The COVID-19 pandemic has had a sudden and disruptive impact on the delivery of higher education. Courses that were designed for face-to-face delivery are being shifted entirely online, and both students and faculty are unable to access their libraries’ physical resources. This has happened toward the end of the academic term, at a point where instructors’ recommended course resources had long been set and students had found ways to access these resources according to their needs and financial capacity, with many turning to libraries to obtain access. However, many in-person library services cannot be shifted to an online environment due to existing usage restrictions on licenced content. 

How can those of us serving instructors and students best respond to the new exigencies imposed by COVID-19? What would be the optimal equitable access scenario? 

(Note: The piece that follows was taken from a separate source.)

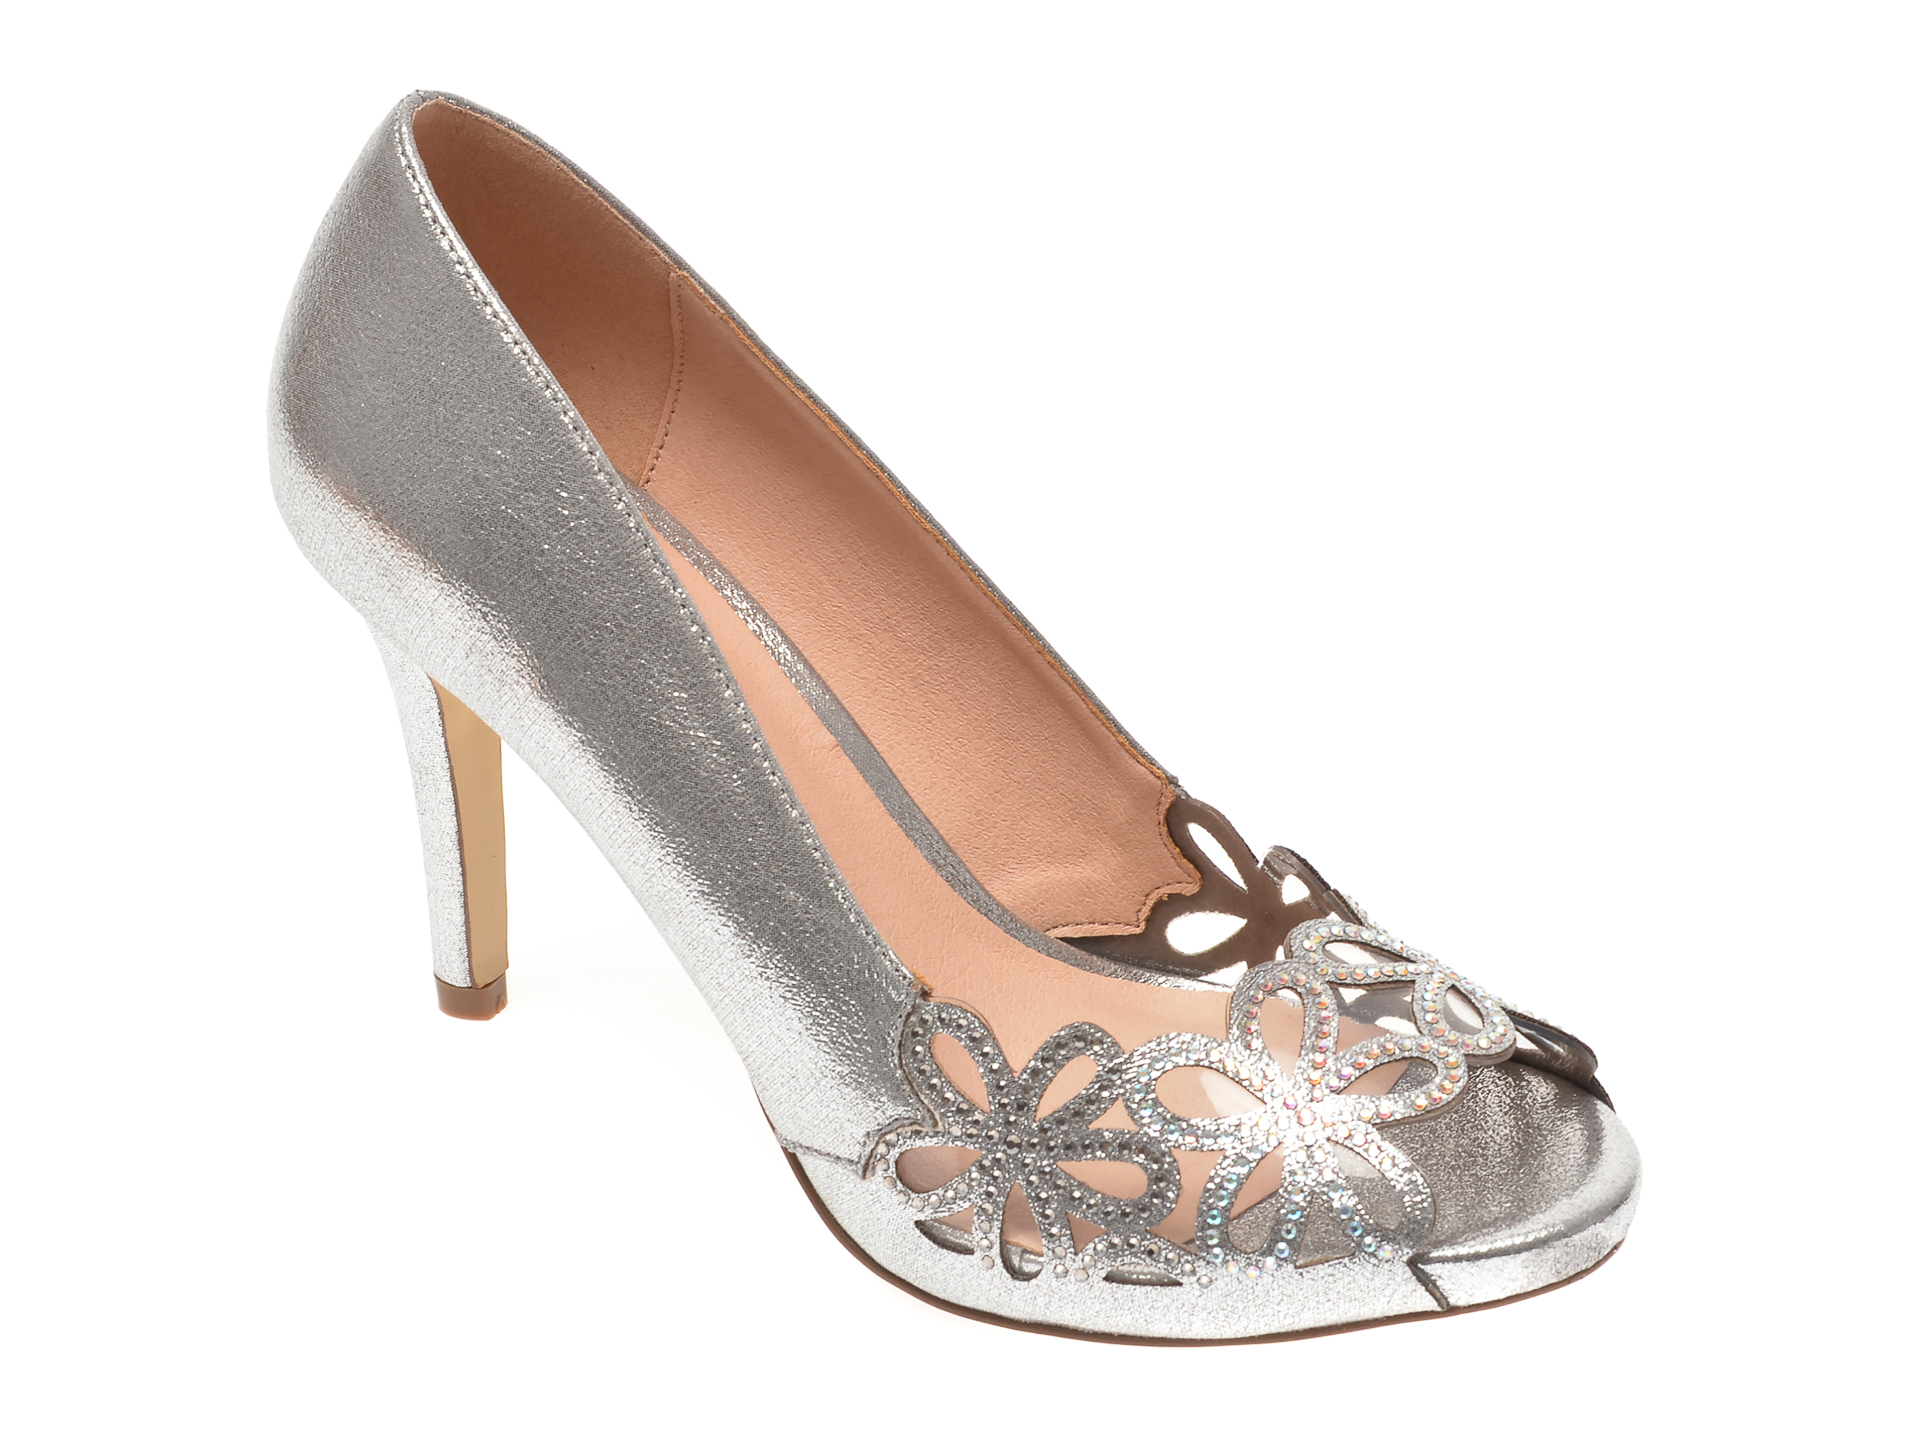 Pantofi MENBUR argintii, 21777, din piele ecologica imagine otter.ro 2021

The Canadian Association of Research Libraries (CARL) commends the efforts being made to broaden access, including the Internet Archive’s National Emergency Library, and the vendors providing free or enhanced access to their online collections. To further support the critical need in the current educational context, CARL calls for the following immediate actions: 

  • That publishers waive, for the duration of the COVID-19 crisis, access restrictions currently imposed on their licensed online collections (e.g. limit on number of simultaneous users; ILL and copying restrictions; campus-only access restrictions), and that such measures  apply at the institutional level rather than requiring individuals to create accounts. This aligns with the International Coalition of Library Consortia Statement (to which CARL is a signatory) and individual countries’ calls for action; 
  • That providers of video resources to educational markets open access to their online libraries, even to non-licensed titles;
  • That, where possible, course instructors apply open licenses to course materials they create, and make these available in publicly accessible collections for optimal adaptation and reuse; and that they take advantage of the large and growing corpus of open access scholarly literature and open educational resources;
  • Recognizing the intention of the Copyright Act to allow certain educational uses of copyright-protected material, both on campus and at a distance, that libraries rely on existing rights, exceptions and limitations to copy resources that are recommended course material (and had therefore been on reserve for physical lending); the digital copies could then be made available for lending through a secure online library reserve service or equivalent. 

The following resources may be helpful: 

Importantly, it is now almost certain that the current situation will extend beyond the current academic term. It will therefore become essential that in addition to the temporary measures being adopted, we start considering more long-term solutions for ensuring equitable, optimal access to learning resources by post-secondary students.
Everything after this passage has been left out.